Directly studying the influence of nuclear activity on galaxy evolution is challenging because of the different spatial scales and timescales involved in the two processes. Massive galaxies host extremely compact supermassive black holes of millions or even billions of solar masses in their nuclei. It is estimated that the phases of nuclear activity last for a short period of time, between one and a hundred million years, whereas galaxy evolution processes, such as bulge growth or bar formation last much longer. Thus, in order to study the connection between the AGN and the host galaxy, "we need," explains Claudio Ricci, "to look at the nucleus of galaxies, where the material that links them is found. This material consists mainly of gas and dust, which are normally studied in the infrared and X-ray band."
In this review, Cristina Ramos Almeida, researcher at the Instituto de Astrofísica de Canarias (IAC), and Claudio Ricci, astrophysicist at the Institute of Astronomy of the Universidad Católica de Chile, tried to give a comprehensive view of the current understanding, thanks to infrared and X-ray studies, of nuclear obscuration in AGN. This has greatly improved in the last decade thanks to observing facilities such as CanariCam on the Gran Telescopio CANARIAS (GTC), located at the Roque de los Muchachos Observatory (Garafía, La Palma) and the Very Large Array Interferometer (VLTI) in the infrared range, as well as X-ray satellites like NuSTAR, Swift/BAT and Suzaku.
"We now know", adds Cristina Ramos, "that this nuclear material is more complex and dynamic than we thought a few years ago: it is very compact, formed by gas and dusty clouds orbiting the black hole and its properties depend on the AGN luminosity and accretion rate. Moreover, it is not an isolated structure but appears connected with the galaxy via outflows and inflows of gas, like streams of material flowing as part of a cycle. This gas flow cycle keeps feeding the black hole and regulates the formation of new stars in the galaxy".

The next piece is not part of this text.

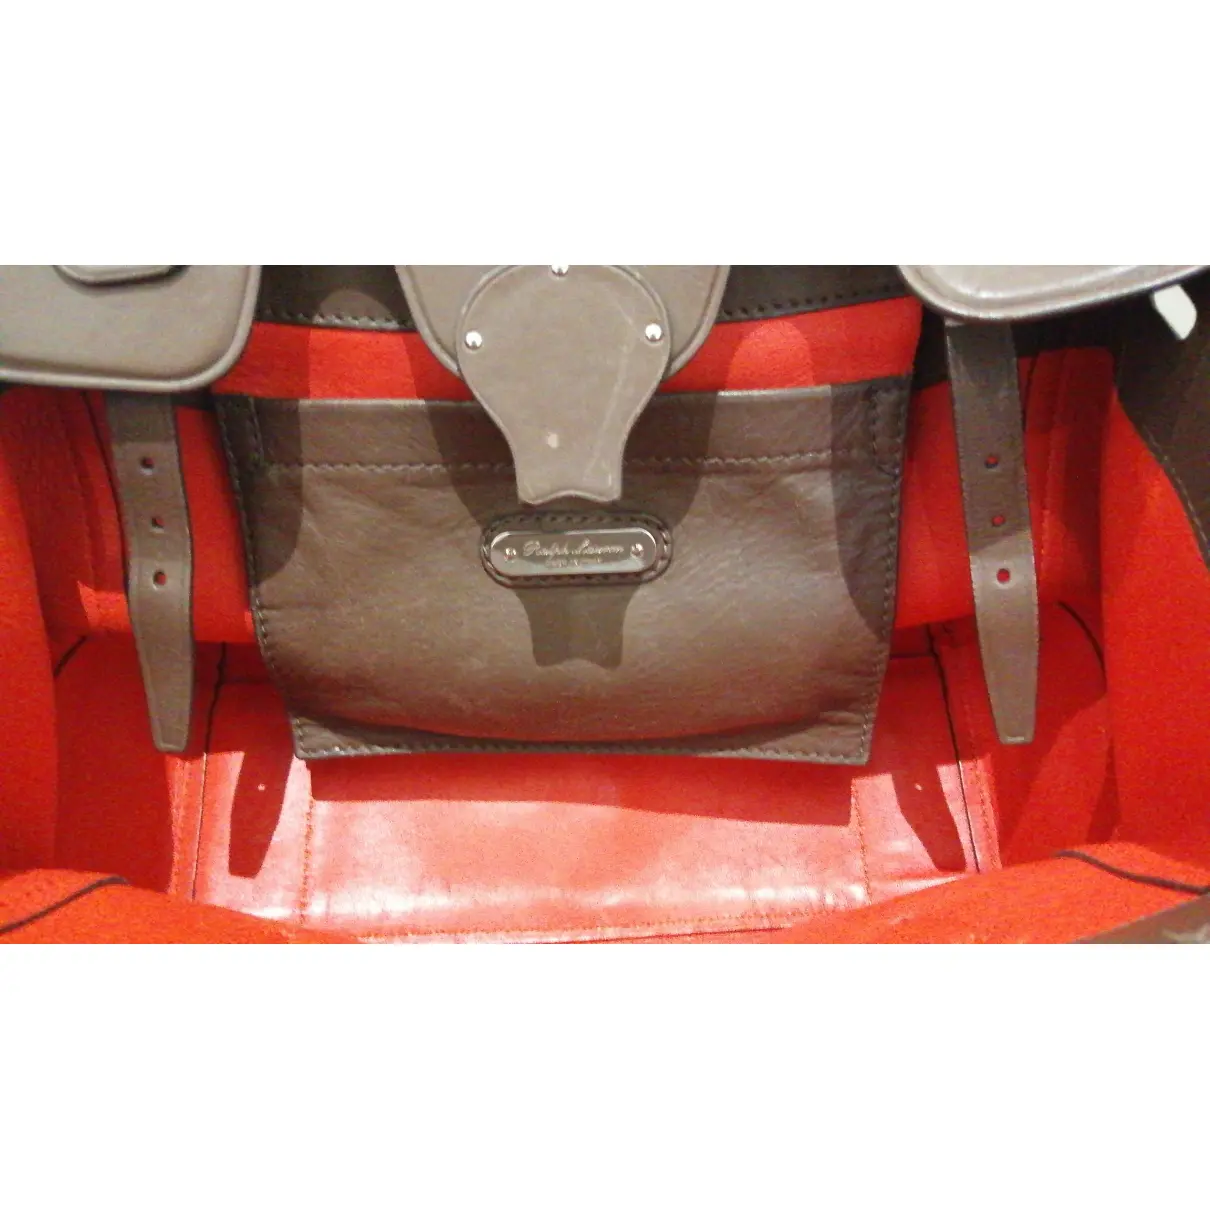 Ricky leather tote Ralph Lauren
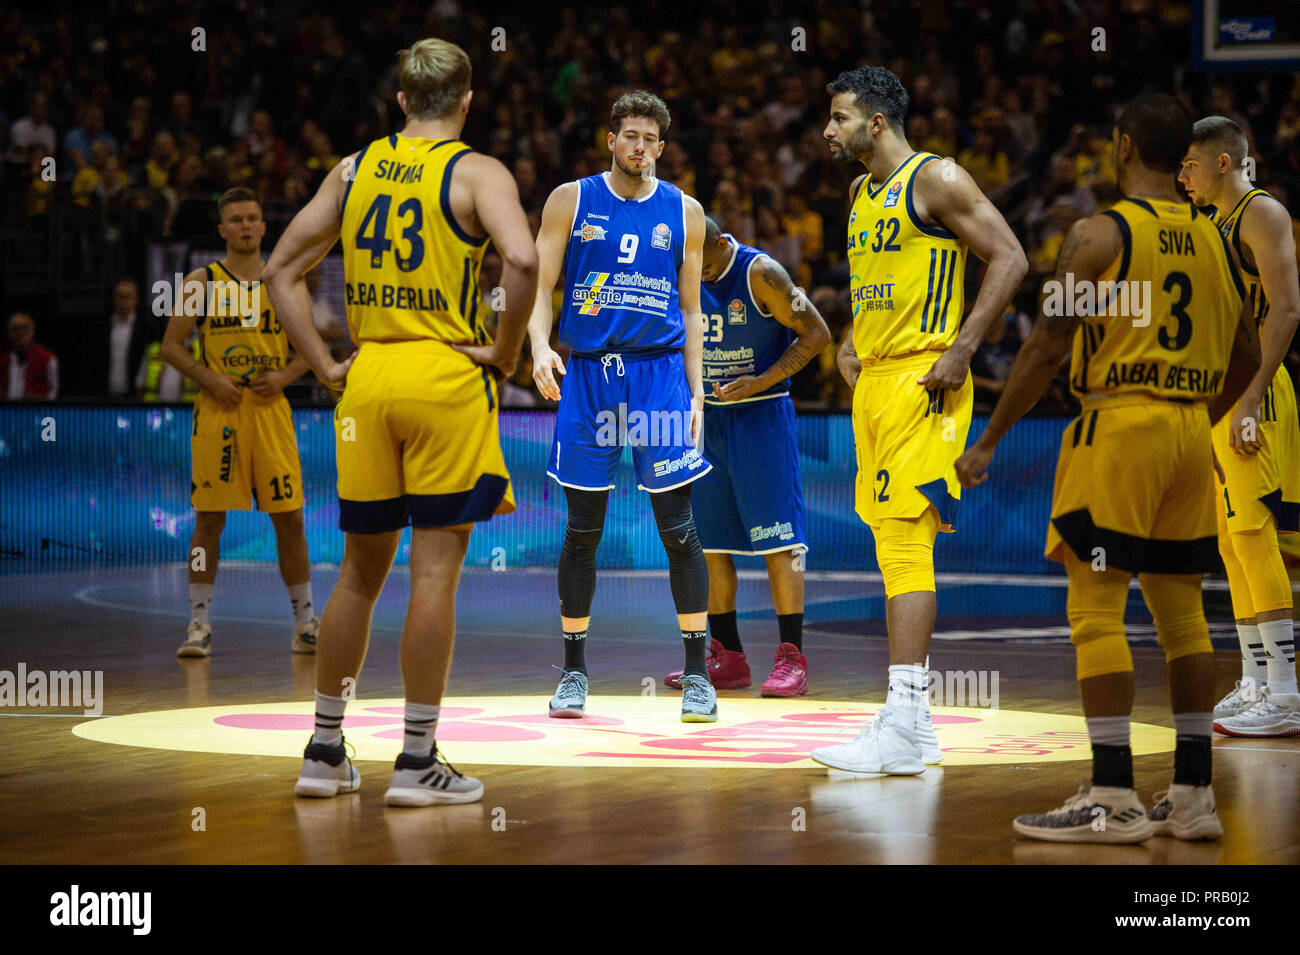 29 September 2018, Berlin: Basketball: Bundesliga, ALBA Berlin - Science  City Jena, main round, 1st matchday of the season 2018/19 in the  Mercedes-Benz Arena. Players face each other before the game kicks

Very recently, the Atacama Large Millimeter/submillimeter Array (ALMA) has recently imaged for the first time the nuclear obscuring material in an active galaxy. ALMA operates in the millimiter and sub-millimeter range, and the latter traces the coolest dust and gas surrounding AGN. In the case of the galaxy NGC 1068, ALMA has shown that this material is distributed in a very compact disc-like shape of 7-10 parsecs (pc) diameter and, in addition to the regular rotation of the disk, there are non-circular motions that correspond to high-velocity gas outflowing from the galaxy nucleus. "Over the next decade, the new generation of infrared and X-ray facilities will contribute greatly to our understanding of the structure and physical properties of the nuclear material", concludes Claudio Ricci.